United States. 91 minutes. Directed by Tony Maylam, 1981. Starring Brian Matthews, Leah Ayres, Brian Backer, Larry Joshua, Lou David.

Once upon a time, at Camp Blackfoot, a prank went horribly wrong: an attempt by campers to get revenge on sadistic caretaker Cropsy resulted in the caretaker suffering horrible, disfiguring burns all over his body. Now, five years later, Cropsy has been released from the hospital and has made his way to another summer camp, Stonewater. Deranged, he plans to get his own revenge on the sort of campers responsible for his condition…

Consider, if you will, the classic, enduring slasher and slasher-type movies of the genre’s golden age (from the late ’70s to the mid ’80s). It’s easy to think of Halloween as being about Michael Myers, Friday the 13th about Pamela Voorhees, A Nightmare on Elm Street about Freddy Krueger. But they’re not, not really. Which isn’t to say that a compelling antagonist isn’t a requirement; the slasher villains are iconic for a reason. But they are not the stories of the slashers; they’re the stories of Laurie Strode, Alice Hardy and Nancy Thompson.

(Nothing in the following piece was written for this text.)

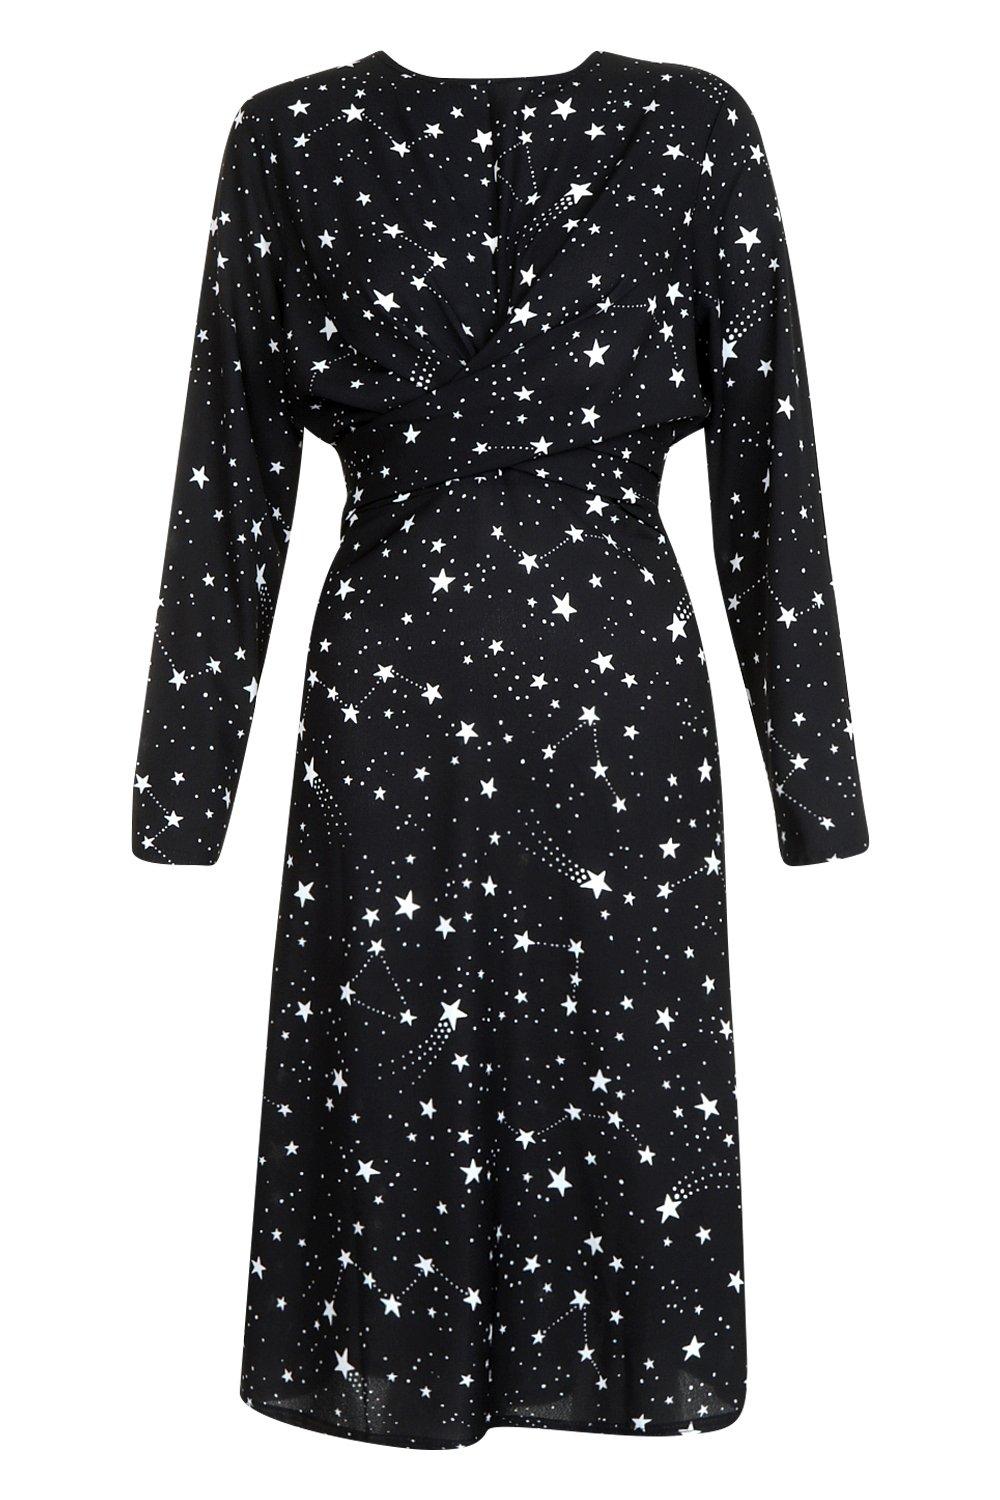 boohoo constellation dress

So who’s the central character of The Burning? Is it Todd, the alpha-male of the counselor team? Is it the awkward and unpopular camper Alfred, or his wisecracking friend/protector Dave? Is it Cropsy himself? The problem at the center of the film is that the filmmakers–director Tony Maylam and the screenwriting team, which includes Miramax moguls Bob and Harvey Weinstein–is that they don’t seem to have any idea who the movie should be about. They introduce a large cast of characters, which is a requirement for summer-camp movies, but don’t do a very good job of juggling them. Cropsy’s the focal point of the first five to ten minutes and then fades into the background, and isn’t much of a presence until he starts killing teenagers. Todd barely registers and doesn’t become important until the final act. The important campers are shoved off to the side once the action gets going, whether it’s by death or otherwise, in favor of Alfred, who’s too alienating and creepy to win the audience’s sympathies.

The film spends way too long focusing on summer-camp hijinks. That includes the tension between Alfred and camp bully Glazer (Alfred is first seen watching Glazer’s girl Sally shower). There’s also a B-plot involving predictably horny Eddy and his love interest, Karen, who can’t decide whether or not she wants to go steady (read: fuck) Eddy. (Eddy also isn’t particularly likeable, but I can get why he gets frustrated with Karen, who seems to have a habit of changing her mind about going all the way at the last minute.)

There are a lot of fine performances amongst the campers–particularly from 22-year-old Jason “George Costanza” Alexander, who steals every scene he’s in, and an impossibly teenaged Fisher Stevens–but the problem is that most of the campers are fairly thinly drawn (Alexander, Stevens and a few other are memorable because they take on the slack the writing leaves them) and their drama simply isn’t all that interesting. Alfred’s behavior toward Sally could be relatable–he’s simply not sure how to express his apparent sexual desires toward her–but the fact that he’s played by Brian Backer, who was 25 when he made the film and looked it, makes him come off as a peeping Tom.

Then a group of campers gets stranded on a canoeing expedition and Cropsy makes himself known, and it’s standard slasher antics from there. There are some great visuals during this phase of the movie, especially the violent sequences, provided by Tom Savini in his trademark style. Sadly, however, Cropsy doesn’t make much of an impact as a character, and the final showdown between a handful of characters who are hard to care about is a bit limp and dull with an obvious final reveal.

I can see why The Burning has become a bit of a slasher subgenre classic–it’s mostly thanks to Alexander, Stevens, Savini and a cast of attractive (by late-’70s/early-’80s standards, at least) supporting players frolicking in the sun. But for the most part it’s business as usual and nothing more, with little to offer anyone other than diehard slasher devotees.